21 November, 2006

Losing the War on Terror.

For the moment at least, all is not going well for the west in the War on Terror. In both the Iraqi and Afghanistan theatres, the local tides appear to be turning in favour of the Islamic terrorists. At best, Iraq seems to be fracturing into a loosely federal solution, almost certainly to be followed sooner or later by a three-way war civil war between Sunni, Shia and Kurd provinces. In Afghanistan, the Taliban, secure in their newly "conquered" power bases in western Pakistan, seem likely to come out of the forthcoming Afghan national jirga with some sort of formal role in the governance of Afghanistan.

Outside the main combat theatres, the news is just as bad for President Bush. The weakening of the President's authority by the recent Democrat election success has left the president increasingly isolated, both at home and abroad. In the US, the Democrats, with support from the predominantly anti-Republican media, want to withdraw from Iraq but are not quite sure how to achieve this. The Iraq Study Group is reported to be considering a phased withdrawal from Iraq. Moreover, even the Pentagon is not sure how to proceed. Quite shortly, Bush will have make a decision on what comes next. The President's decision will not be made any easier by the UK government, which has signalled its abandonment of the "Bush Doctrine" in favour of returning to the old ways of appeasement through accommodating terrorist states, for example Iran and Syria.
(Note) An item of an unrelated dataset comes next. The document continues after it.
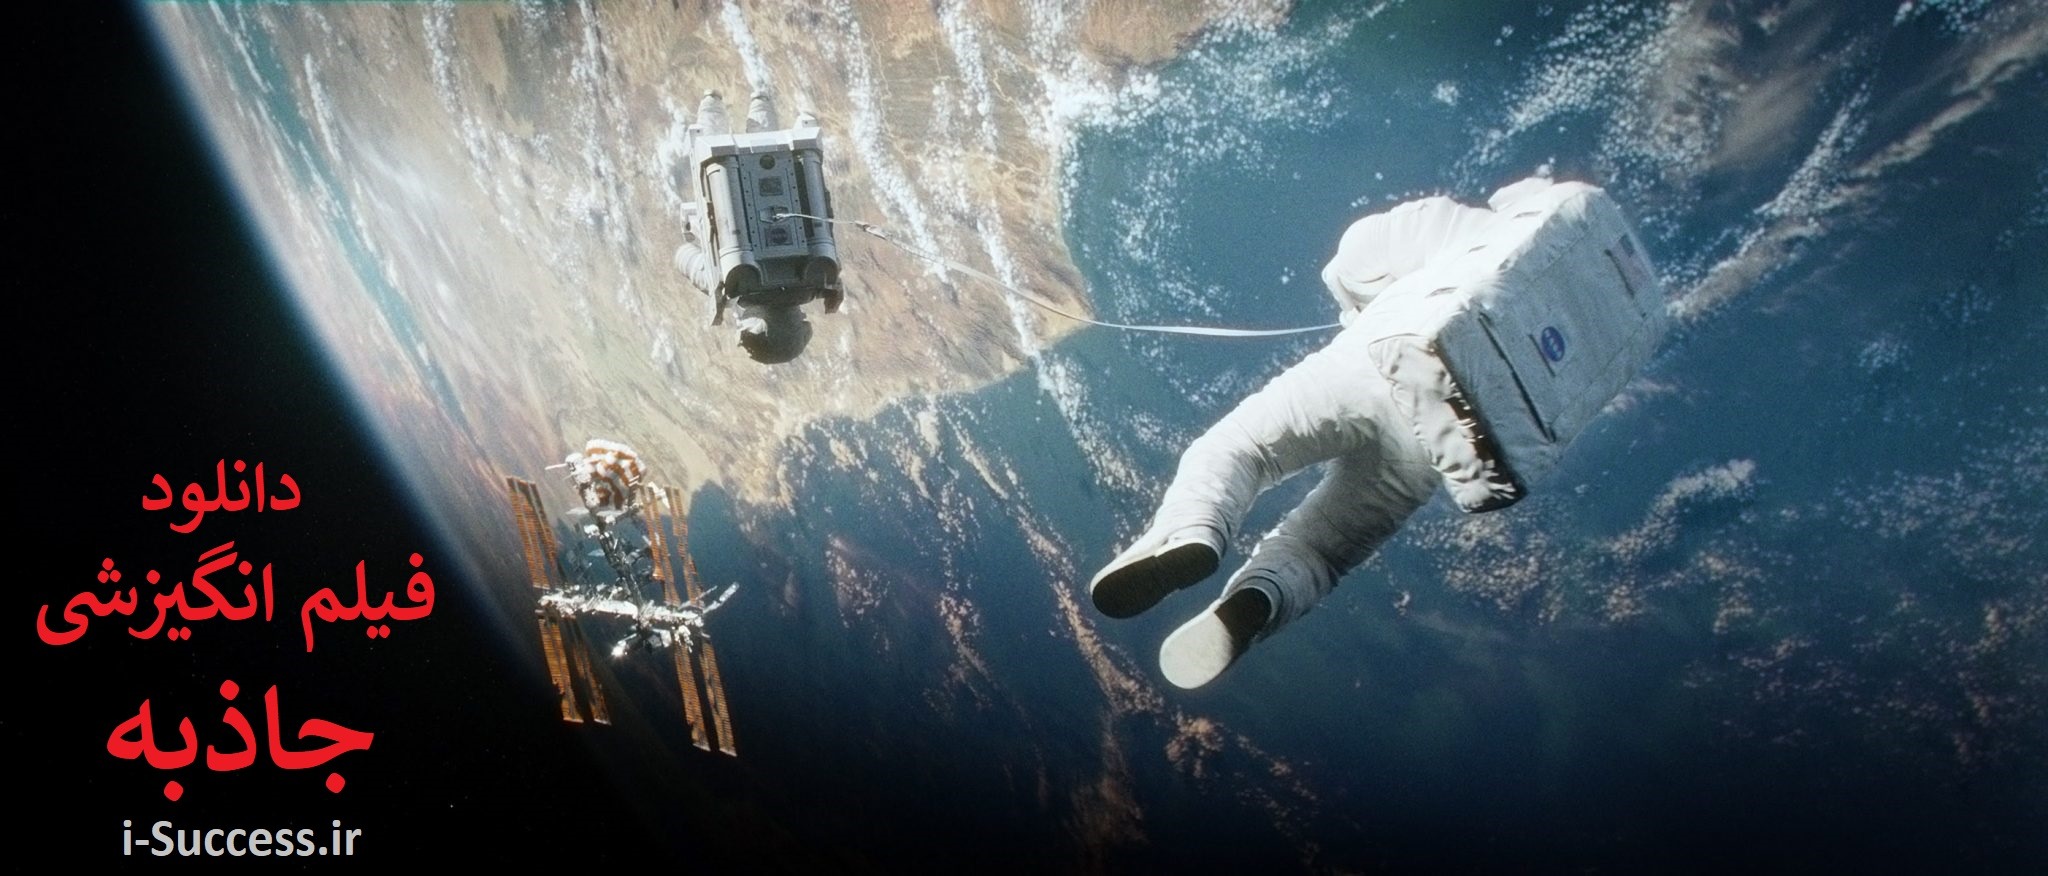 دانلود فیلم انگیزشی جاذبه Gravity

Iran and Syria, buoyed by the recent relative successes of their client Hezbollah in Lebanon, appear to have partly pre-empted Prime Minister Blair's suggestion that they should be persuaded to become partners in helping solve Iraq's insurgency problem. The Independent reports that President Mahmoud Ahmedinejad of Iran has invited Jalal Talabani, the Iraqi President, and Syrian leader Bashar Assad to a meeting in Teheran to discuss ending the violence in Iraq.

The two neighbours have the most influence on events in Iraq, Iran through its close ties with leading Shia militias that control swaths of the country, especially in the south; and Syria because of its role as conduit and safe haven, for terrorists and the Sunni insurgents.

The summit has clearly been deliberately timed to coincide with the reshaped political debate here after the Democratic mid-term election triumph, and the announcement of policy reviews by the Pentagon and the White House
From a European perspective there is the added danger of defeat in Afghanistan and Iraq leading to Islamic extremists making more and more demands on western society which the politicians will feel unable to resist for fear of a French-style intifada. The simple fact is that surrendering to extremist only encourages them to make further demands. The War on Terror is a war in defence of west and that is why the west cannot afford to lose.